Created 03-30-2017 11:00 PM
Hello,
I currently have a flow in NiFi that receives flowfiles and routes them based on topic, however every flowfile received in the flow is a bash that contains multiple messages and the number of lines that each message contains can vary so I cannot split by number of lines. Is there a way in NiFi that I can split based on a specific text sequence? The main point of doing this is that I want to know how many messages come inside each bash so if there could be a way to count how many times a specific word happens inside the content of the flowfile or to split the flowfile based on text content it would be really helpful cause based o number of splits I would know how many messages are in each bash. Is there a way to do something like this in NiFi? I am using NiFi version NiFi-1.1.0. Any suggestions would truly be appreciated!

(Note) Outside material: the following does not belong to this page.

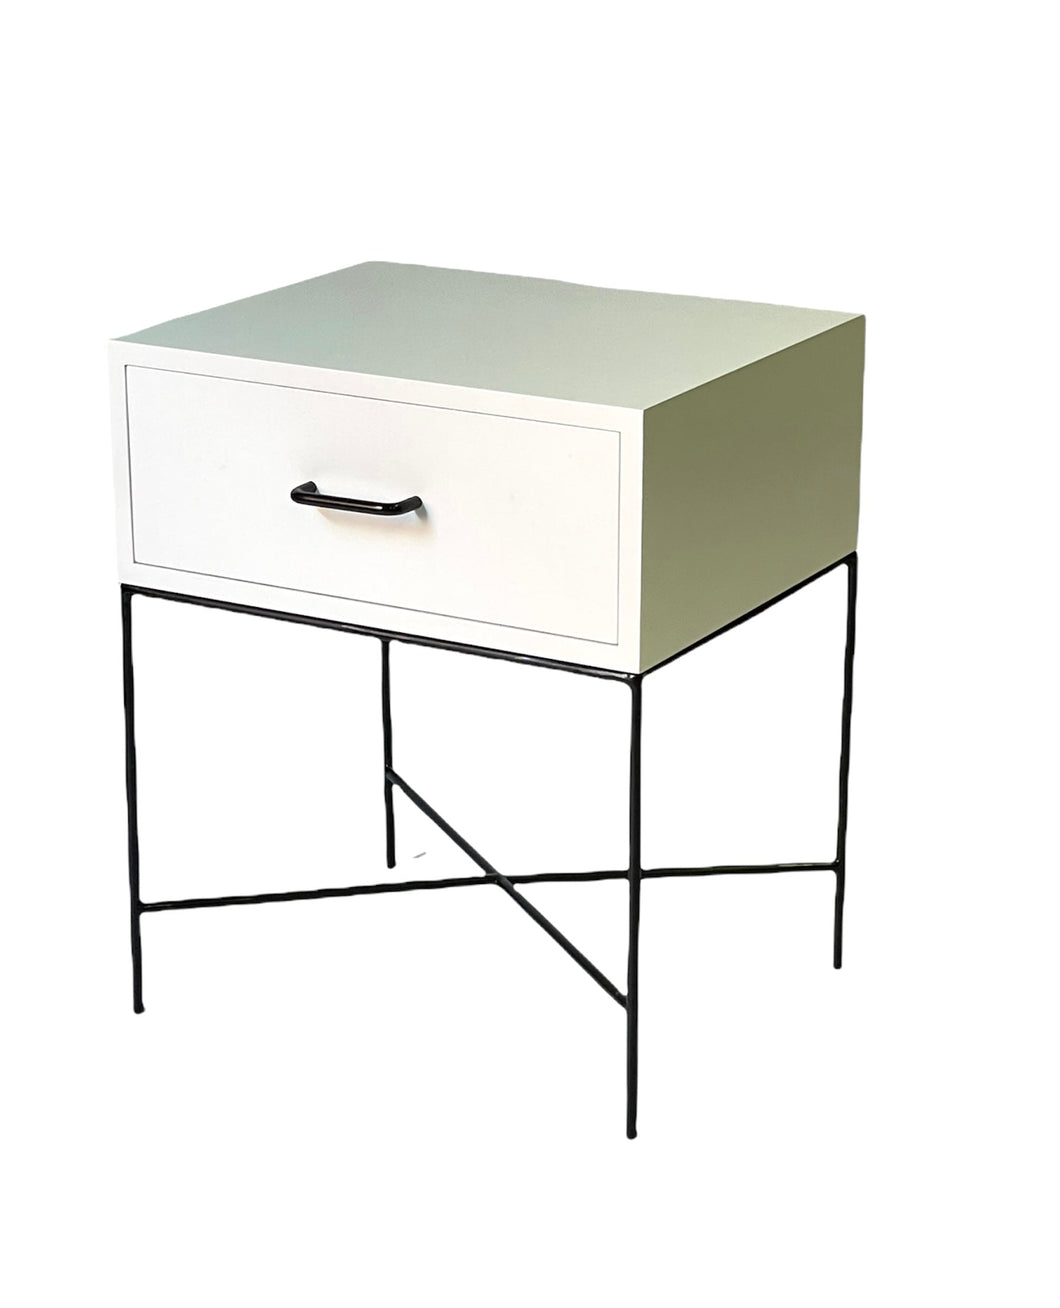 Everest Side Table One Drawer - Round Handles

Created 03-31-2017 06:53 AM
The SplitContent processor may be what you are looking for: https://nifi.apache.org/docs/nifi-docs/components/org.apache.nifi.processors.standard.SplitContent/i.... It lets you define a byte sequence to split by.
Created 03-31-2017 06:53 AM
The SplitContent processor may be what you are looking for: https://nifi.apache.org/docs/nifi-docs/components/org.apache.nifi.processors.standard.SplitContent/i.... It lets you define a byte sequence to split by.
Created 04-03-2017 06:27 PM
As @Hellmar Becker noted, SplitContent allows you to split on arbitrary byte sequences, but if you are looking for a specific word, SplitText
will also achieve what you want. You may also want to look at RouteText
, which allows you to apply a literal or regular expression to every line in the flowfile content and route each individually based on their matching results.
Finally, if you only care about the occurrence count of a specific word or sequence in the flowfile, you could use a small script in ExecuteScript
or even ExecuteStreamCommand
and use a terminal command like $ tr ' ' '\n' < FILE | grep WORD | wc -l
(from here).